WARREN Police take more of auditor's records

The municipal court judges have asked the Ohio Supreme Court to appoint a visiting judge.
WARREN -- Police have confiscated additional records from the city auditor's office.
Auditor David Griffing said police were at his office with a subpoena seeking memos he has written regarding deficiencies in other departments.
& quot;Sounds to me like he's trying to build his case, & quot; Griffing said about Detective Jeff Hoolihan, who served the subpoena.
"He asked for all memos and any other paperwork I would have in reference to other department financial deficiencies from 1996 to present."
Griffing said he gave the detective everything he had. "I really don't know what he's looking at," Griffing said.
Hoolihan could not be reached.
Charges filed
Griffing and his brother Richard, manager of the city's water department, were charged last month with two counts each of dereliction of duty.
The two are accused of failing to make sure water department money was deposited in a bank daily. The charges were filed by Bob Johnson, Girard city prosecutor, who is serving as prosecutor in that case.
Judge Thomas Gysegem of Warren Municipal Court has been assigned to the Griffings' cases, but Terry Ivanchak, presiding judge of the municipal court, has asked the Ohio Supreme Court to appoint a visiting judge.
The local judges said that to avoid a conflict of interest, they should not hear the Griffing cases because they involve a city department. "We do not want any hint of impropriety in the eyes of the public in the handling of this case," Judge Ivanchak wrote to the supreme court.

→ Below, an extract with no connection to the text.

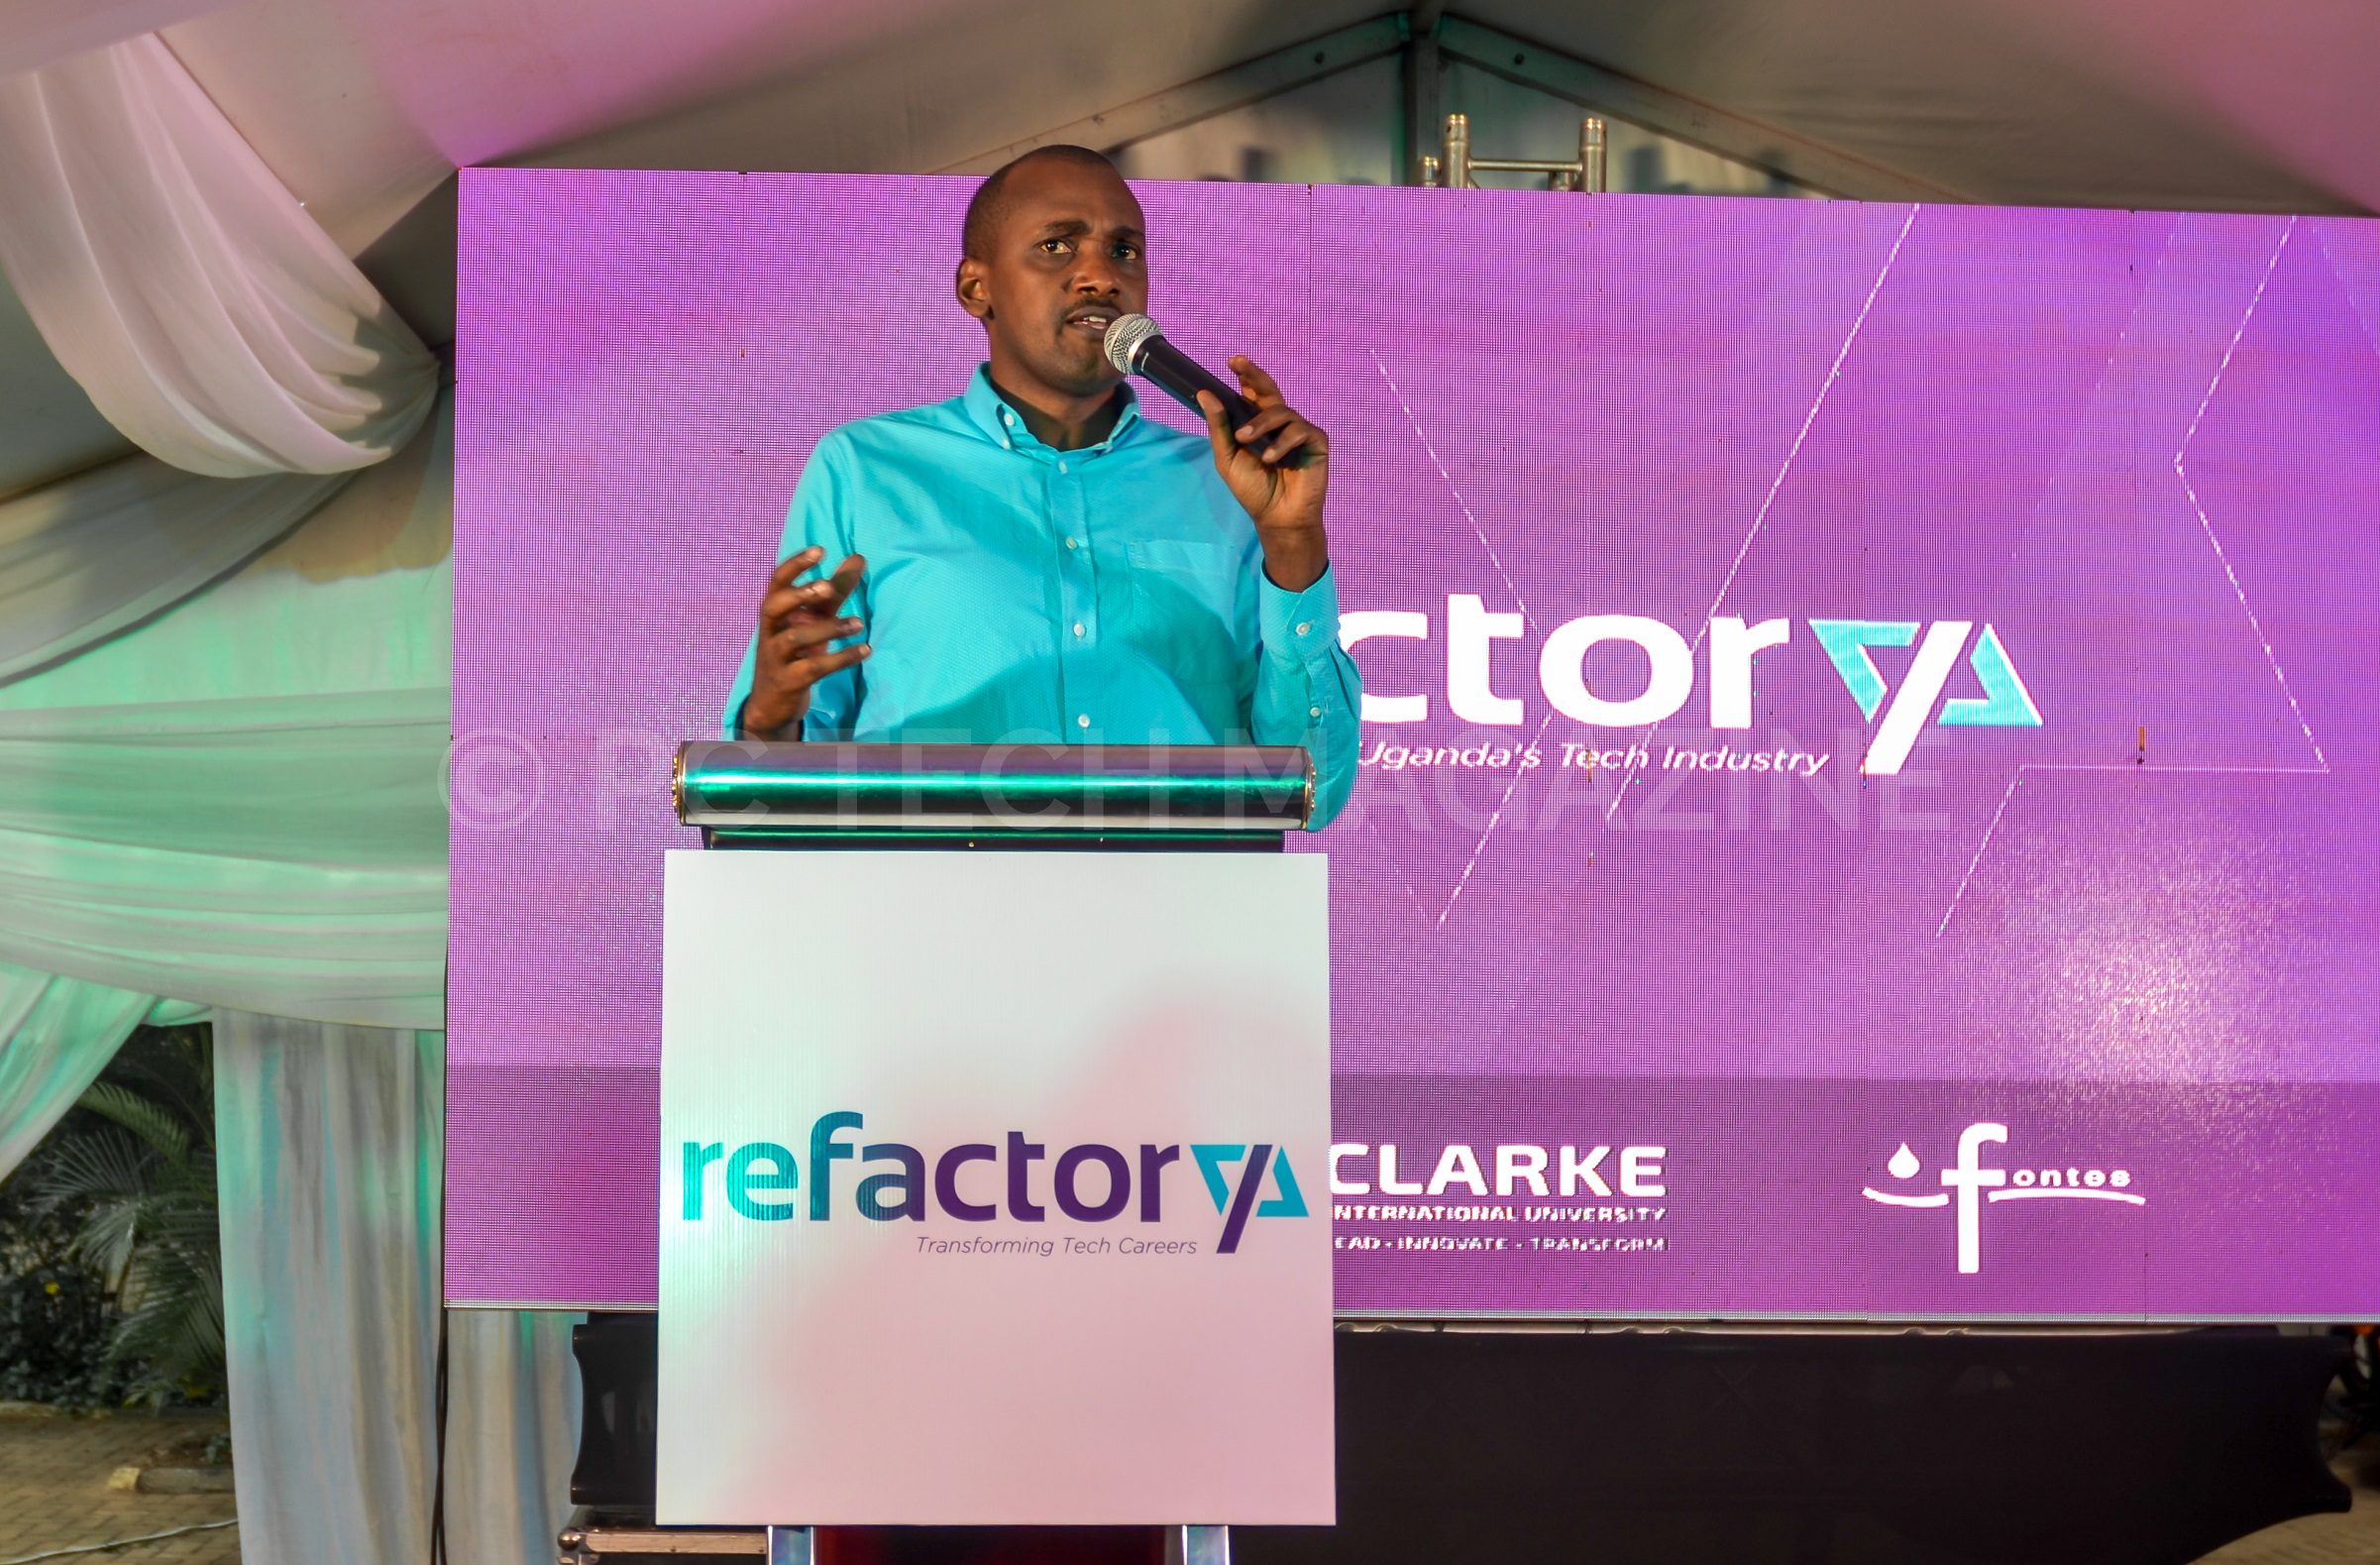 Minister of ICT and National Guidance, Hon. Frank Tumwebaze speaking at the launch of the Refactory Program at Clarke International University on Wednesday 13th, June 2019.

FBI agents and city police have been investigating the water department for about a year.
Finding for recovery
In June, the state auditor's office issued a finding for recovery of $26,036 against Debra Dunewood, the department's former head cashier.
She has not been charged with a crime.
She was approved for a disability retirement Feb. 13, 2001.
According to the audit, Dunewood sometimes delayed depositing money, showing a potential lapping scheme to divert cash and delay deposits until sufficient subsequent receipts are accumulated to cover the amount diverted.
Mayor Hank Angelo has said that since the audit was released, procedures such as the installation of additional security cameras have been implemented to address problems.